• Exercise aim
For the entries below, repeat exactly each line starting with the one that contains "Prostovit - what is it" and going on through the one that contains "Smart shop ru.", and no others.

• Provided entries
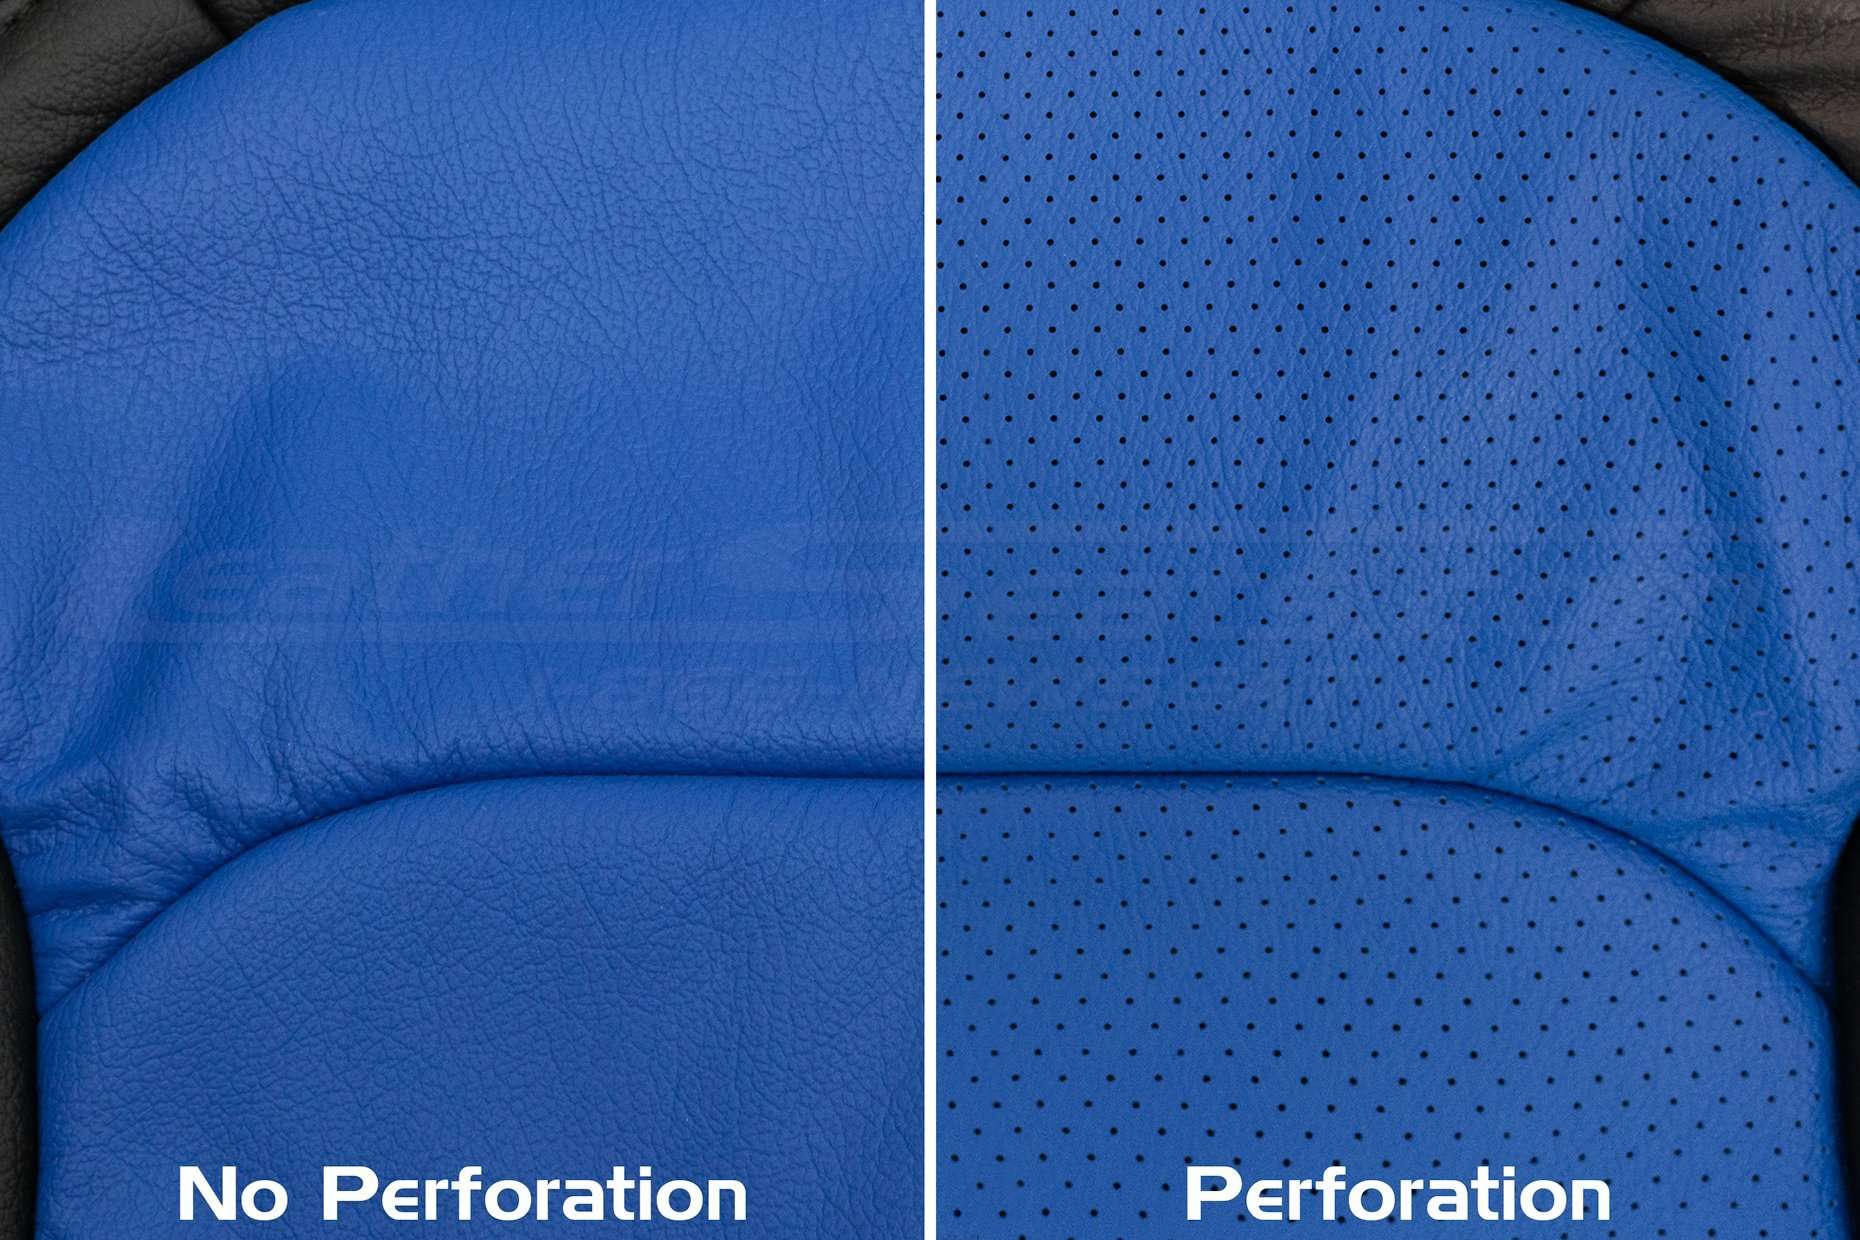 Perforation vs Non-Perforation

---

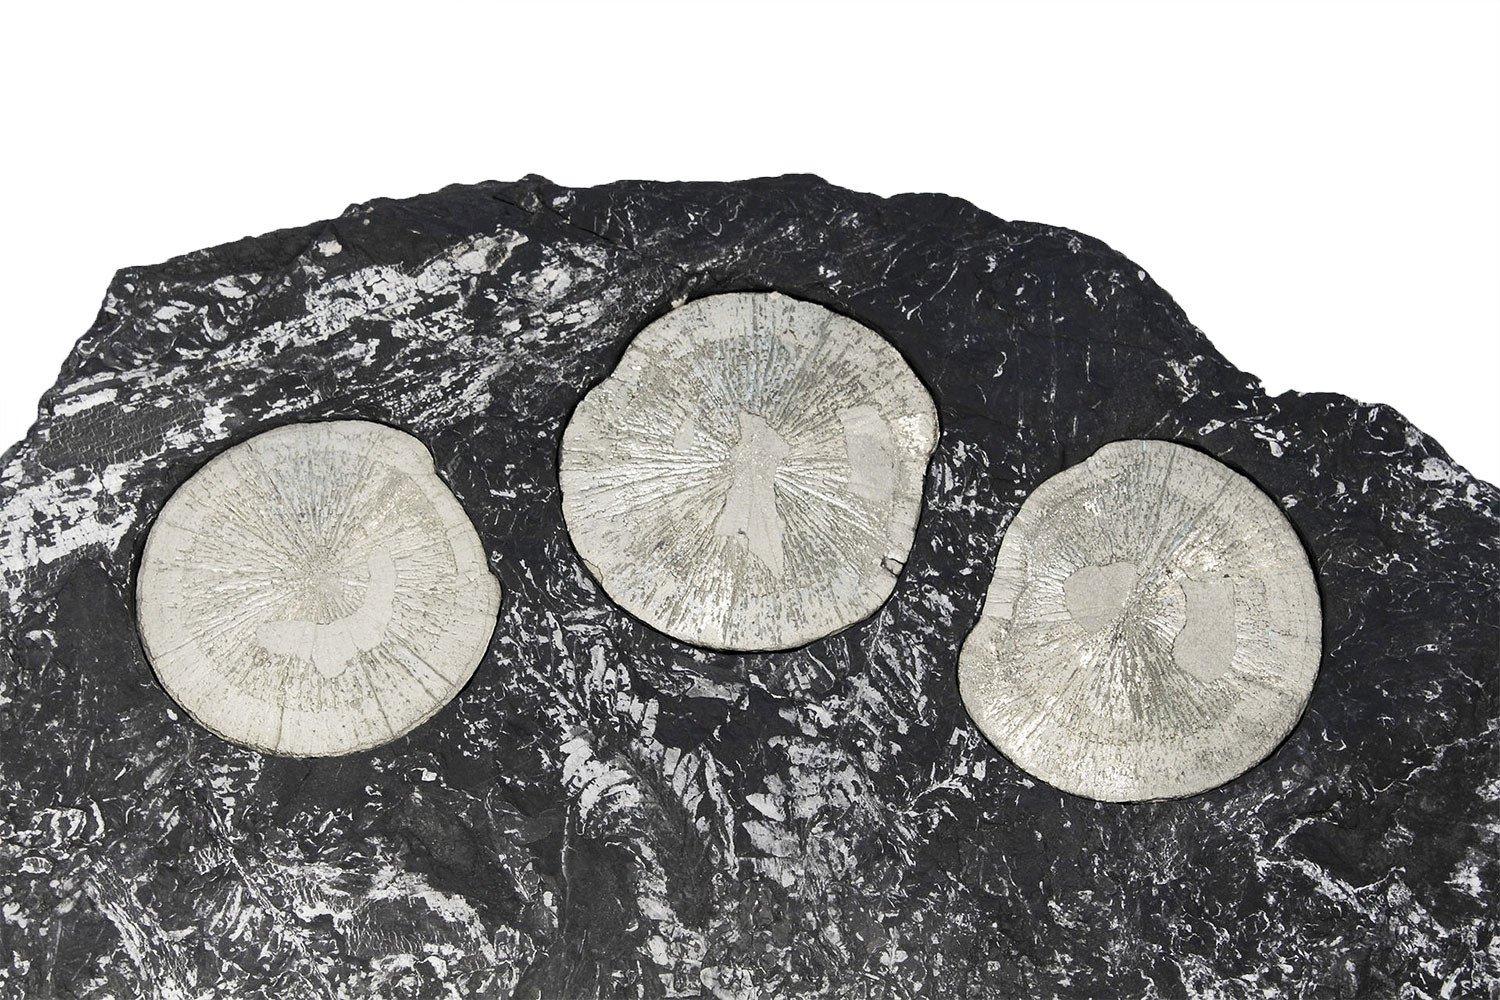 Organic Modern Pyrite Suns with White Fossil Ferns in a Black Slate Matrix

---

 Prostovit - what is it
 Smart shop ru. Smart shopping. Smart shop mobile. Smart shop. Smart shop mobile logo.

• Response for this exercise
 Prostovit - what is it
 Smart shop ru. Smart shopping. Smart shop mobile. Smart shop. Smart shop mobile logo.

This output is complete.